Cuts have also been made to already low library budgets, research assistantships, student scholarships and other scholarly resources. We have scrambled to create a lecturer’s union to try to defend our rights – somewhat late in the day, but better than nothing. Nevertheless, some colleagues have left and others are openly looking for work outside Mexico.
For a time, we thought we may not see them again at international conferences. One of Amlo’s most drastic proposals was to freeze international travel for all public sector workers. To leave the country for academic activities, we would have had to ask permission from the president himself.
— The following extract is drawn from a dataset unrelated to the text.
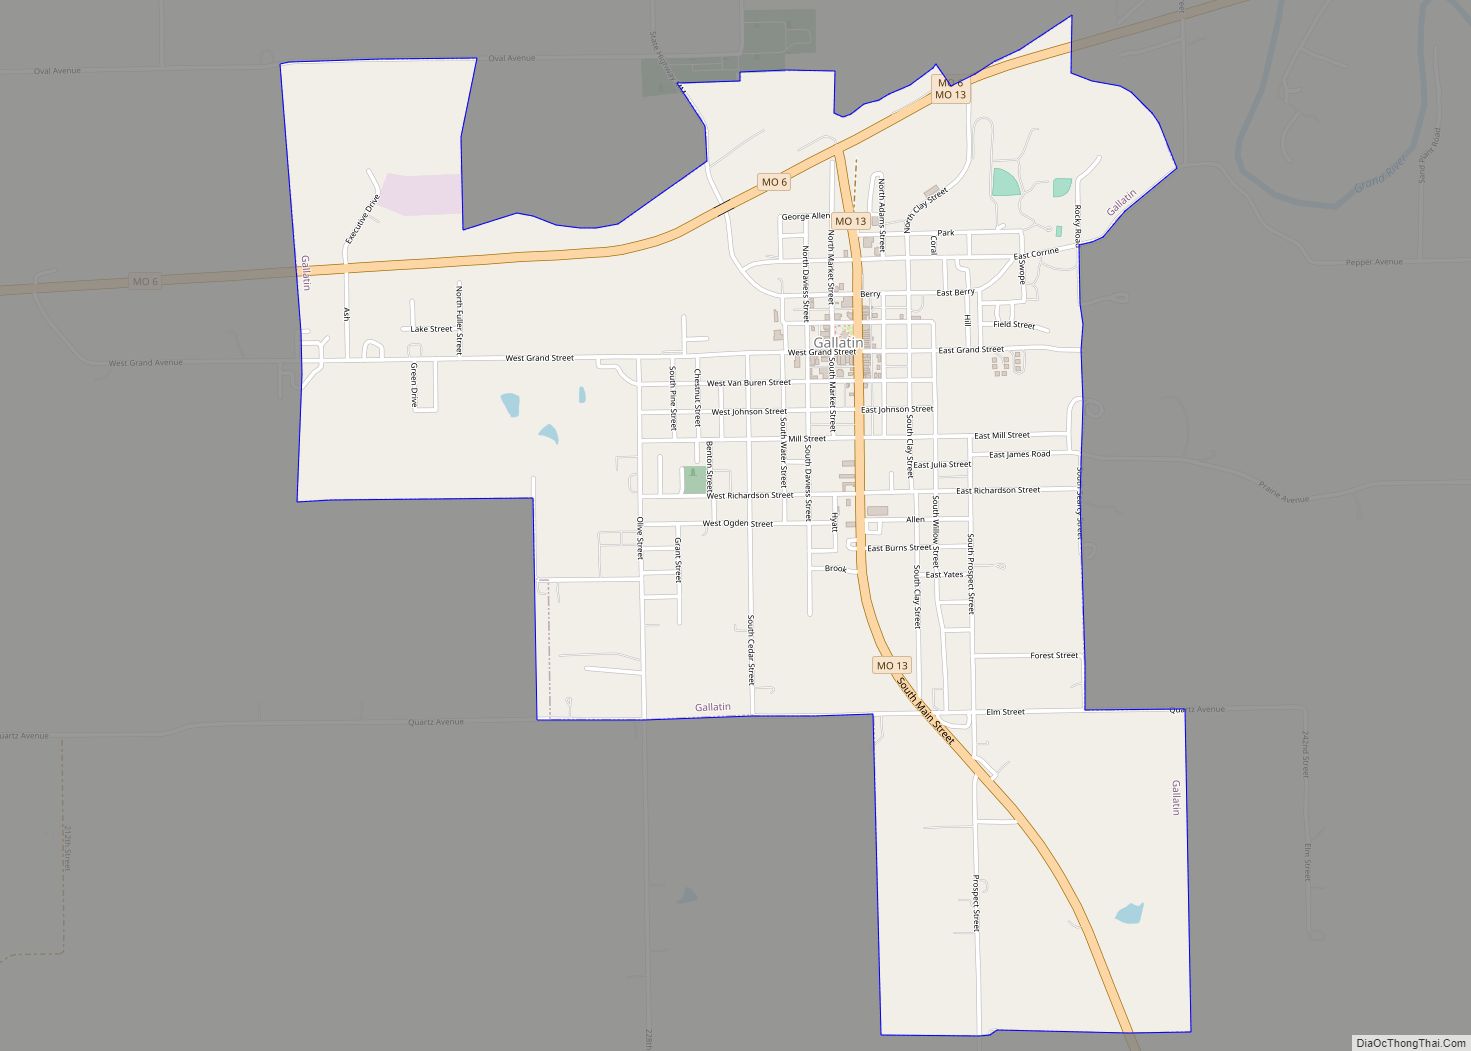 Map of Gallatin city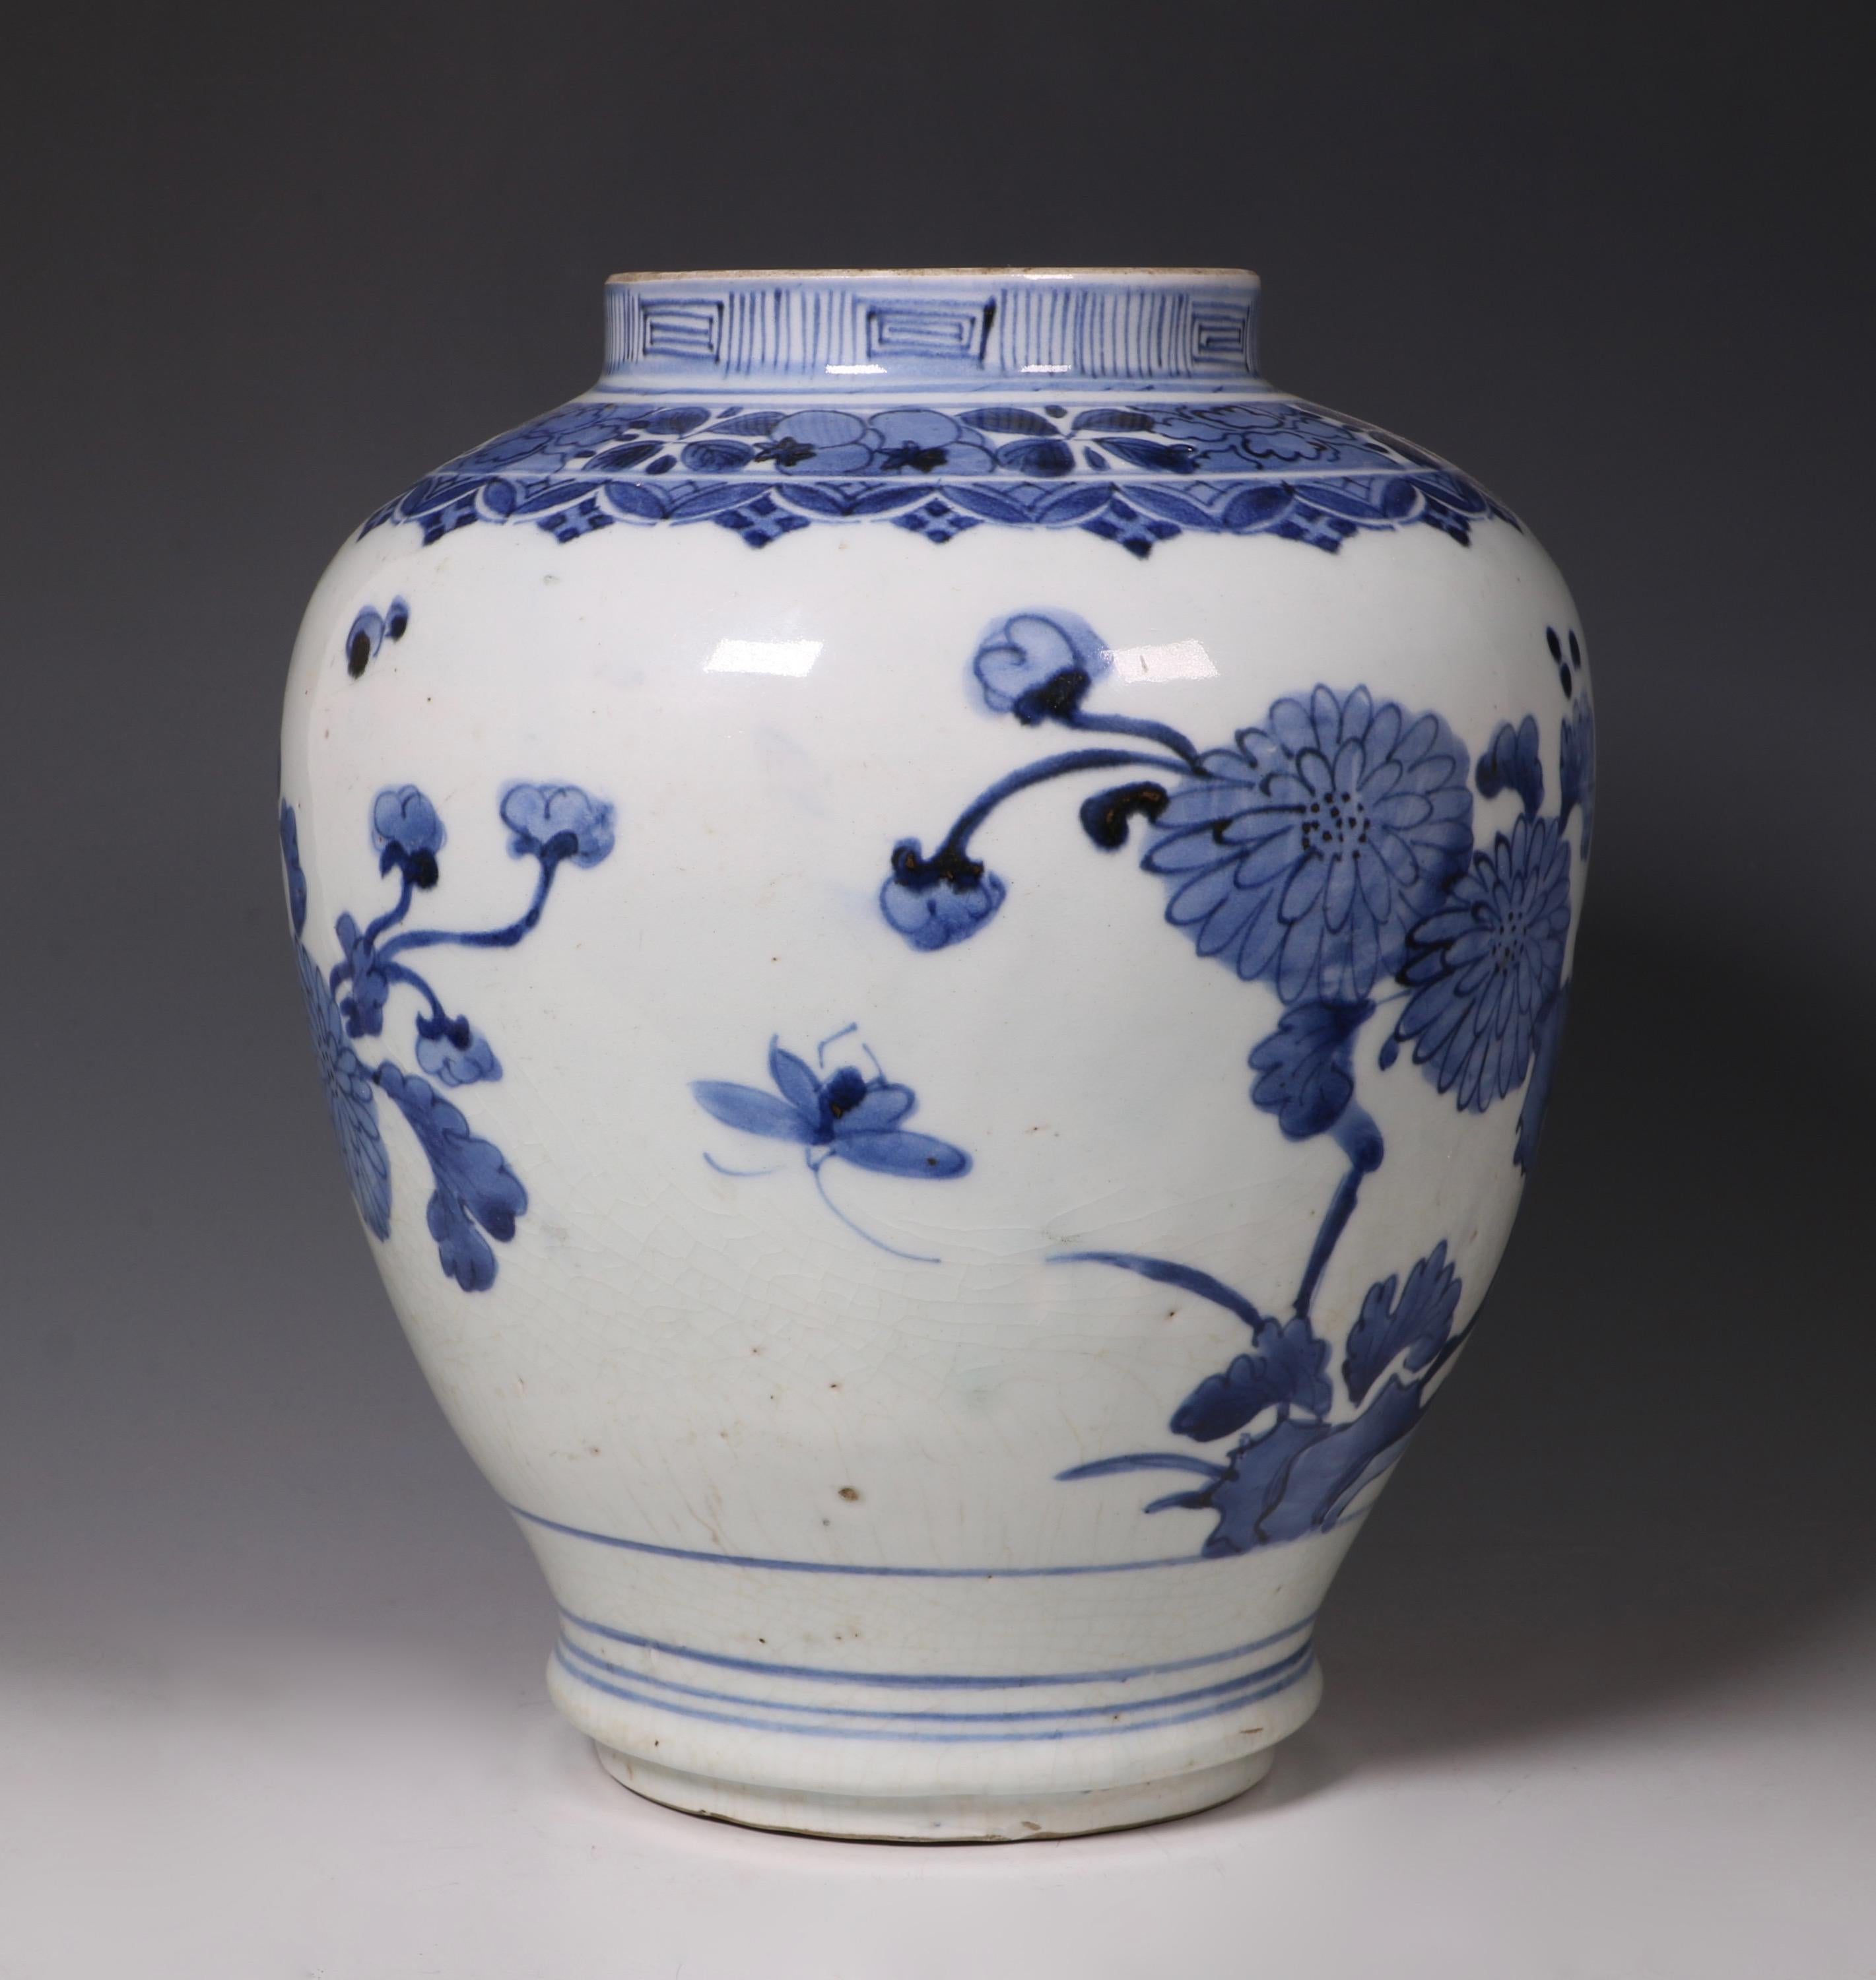 Glazed An Arita Blue and White Vase L, 17th Century

This has now been amended, fortunately, but equally alarming is that the new CONACYT director, María Elena Álvarez-Buylla Roces, told members of Congress that the administration is seeking “scientific sovereignty”. This is very much in accord with Amlo’s well-known disdain for all things international: in his first seven months in office he has not left Mexico and will not attend this week’s G20 meeting in Osaka. Álvarez-Buylla may not intend to adopt the exclusionist and nationalistic measures that her words conjure, but at the very least she fails to recognise that successful academia requires openness and collaboration.
Although public, CIDE is autonomous in terms of its research and opinions. This is incredibly important given the legacy of authoritarianism in Mexico. Indeed, many of CIDE’s leading lights through the years were refugees from authoritarian regimes in South America. There is no sign that this independence will be challenged, but the self-moderating influence is notable nonetheless; most of us are being careful about the tone we set in public discourse.
To be fair, Amlo is no Hugo Chávez, as he is sometimes accused of being. The funding cutbacks began three years ago, under the last president, and, despite them, several very strong young colleagues are set to fill some of our vacancies at CIDE. Moreover, if the present challenges prompt a simplification and clarification of the academic salary and compensation system then they will have done us a service.
But while Amlo’s priorities of addressing corruption, poverty and inequality would be at the top of anyone’s list, even a cursory glance around the world makes it obvious that the way to tackle these problems is not to weaken the state. Quite the reverse. Institutions of transparency, monitoring, accountability and justice – not to mention effective social programmes – need good people and adequate budgets to do their work.
We in academia can help – and we have been helping for quite some time through our research on governance and social policy, our work with civil society and our policy activities. But we also need adequate resources, as well as the ability to connect with ideas, scholars, practitioners, funding agencies and other global networks. If the government really wants to strengthen science and technology, improve higher education, upgrade knowledge, and jump-start development, it would do well to pay attention to these concerns.
Mark Aspinwall is a research professor in the Division of International Studies at the Centre for Research and Teaching in Economics (CIDE), Mexico City, and honorary professorial fellow at the University of Edinburgh.